Колобок вздохнул и горестно продолжил:
– В общем, как только мы про бетон упомянули, старуха сразу как-то успокоилась, но стала чернее тучи. Ладно, говорит, я все поняла, сейчас пойду, вещички соберу, а вы пока на кроватку ложитесь, отдохните перед дорогой. Мы говорим – спасибо, мы лучше погуляем. И тут, поверишь, как-то сразу погода испортилась. Только минуту назад солнце светило – и вдруг дождь пошел со снегом. И как мы ни поворачиваемся, снег почему-то в лицо бьет. А мы еще квасу старухиного напились, ноги у нас тяжелые, глаза слипаются… Короче говоря, мы на старухину эту кровать и прилегли.
Тут грохнуло что-то, и все!..
– Что «все»?
– Перевоплотились мы! – с народным отчаянием взвыл Колобок.

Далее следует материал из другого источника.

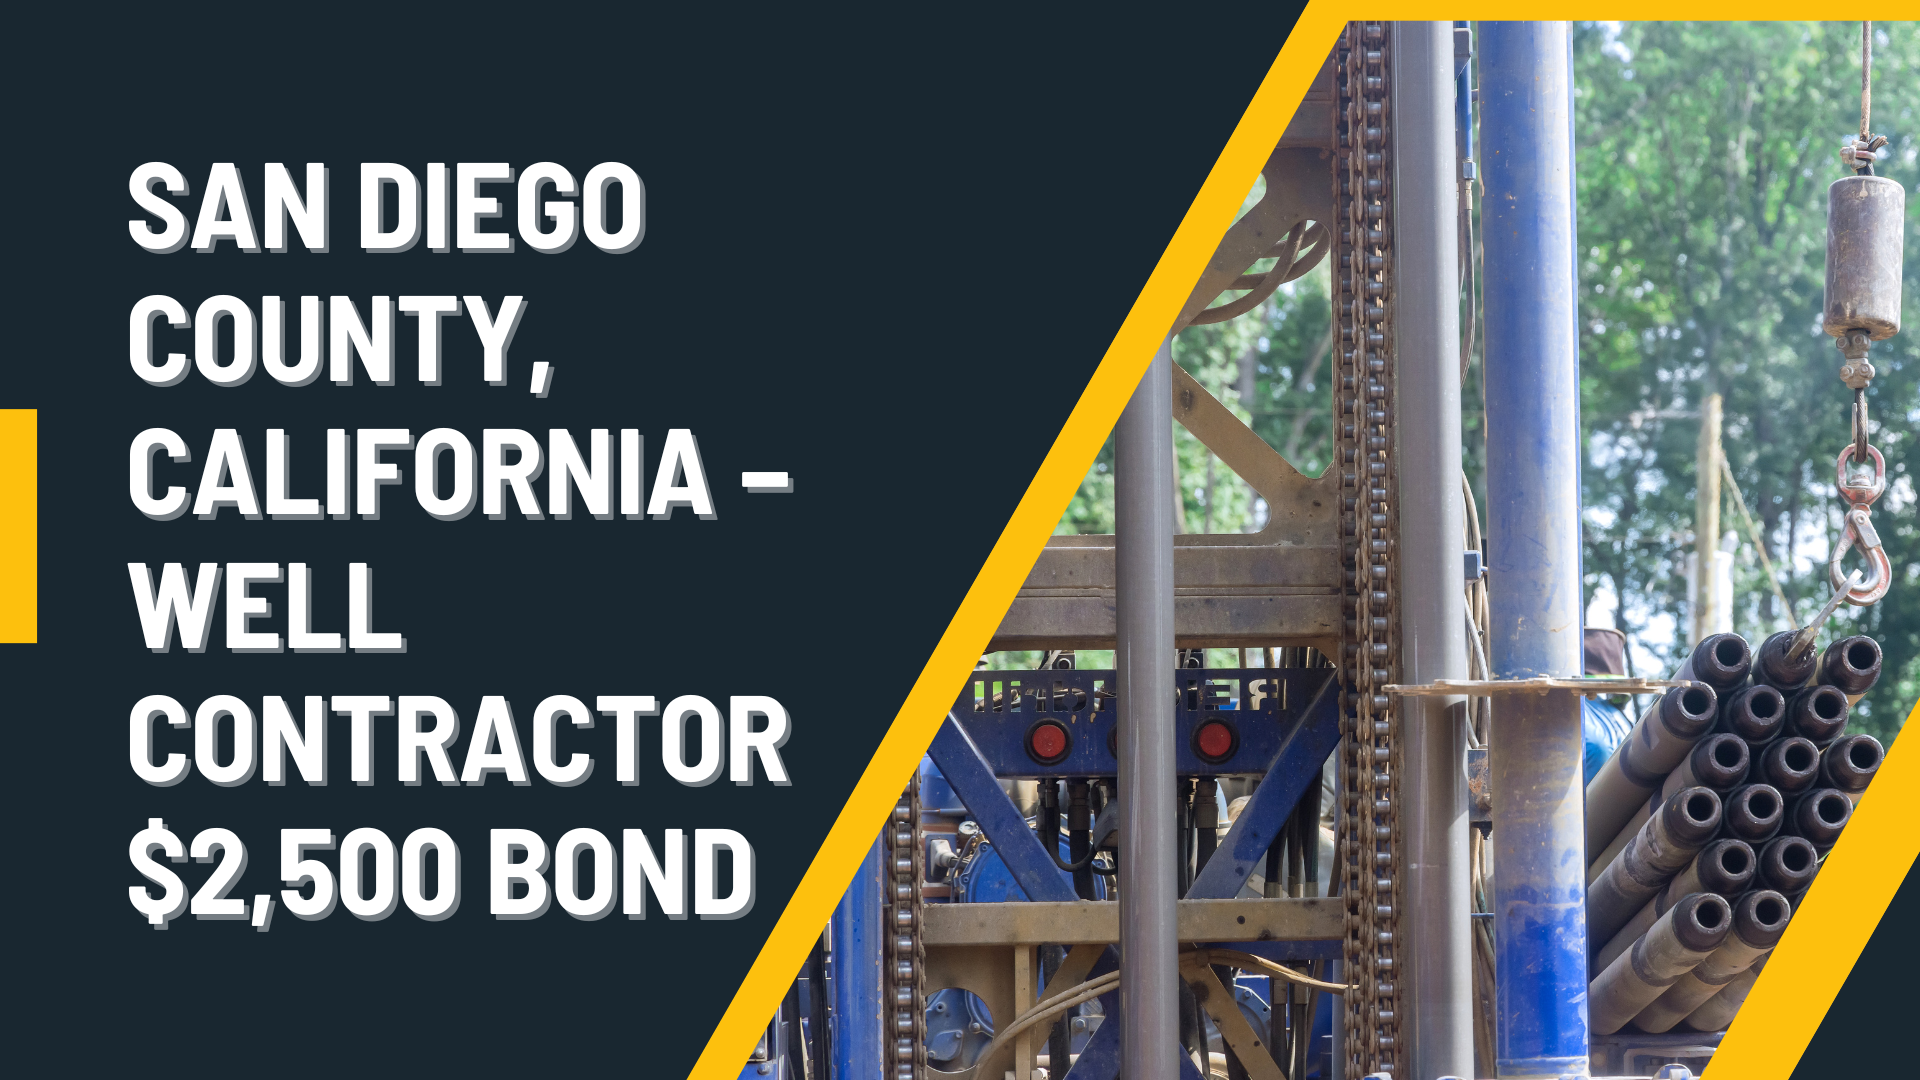 Surety Bond-San Diego County, California – Well Contractor $2,500 Bond

– М-да, страшная какая-то сказка получается, – я сочувственно покачал головой.
– Какая сказка – триллер это! – всхлипывая, продолжил Колобок. – Представляешь, только я стал приходить в себя от этого кваску хмельного, только глаза открываю – смотрю, а я круглый, ног-рук нет, на тарелке лежу, а надо мной стоят Леший, Соловей-Разбойник и Волк.
У всех стопки водки налиты, и Леший, подонок, нож в руках держит и говорит: «Ну, ребята, нашего товарища, конечно, жаль, но голод не тетка, – так ведь в народе говорят?»
А Соловей-Разбойник заржал и говорит: «Я тоже поговорку про родственников знаю: «Голодной куме – хлеб на уме».
Я как в параличе на тарелке лежу и Волку подмигиваю – ведь это моя последняя надежда.
– Венедиктов, – шепчу я ему еле слышно, – ты же интеллектуал, педагог, историк – что же ты до серого зверя опустился?! Спаси меня, ведь эти гады под свои поговорки меня сейчас сожрут!
А он мне в глаза смотрит и говорит: «Голода словами не переспоришь – так сказал Менандр!»
Соловей-Разбойник – это Олевский, радист наш, на него вырячился и спрашивает: «А кто это, Менандр?»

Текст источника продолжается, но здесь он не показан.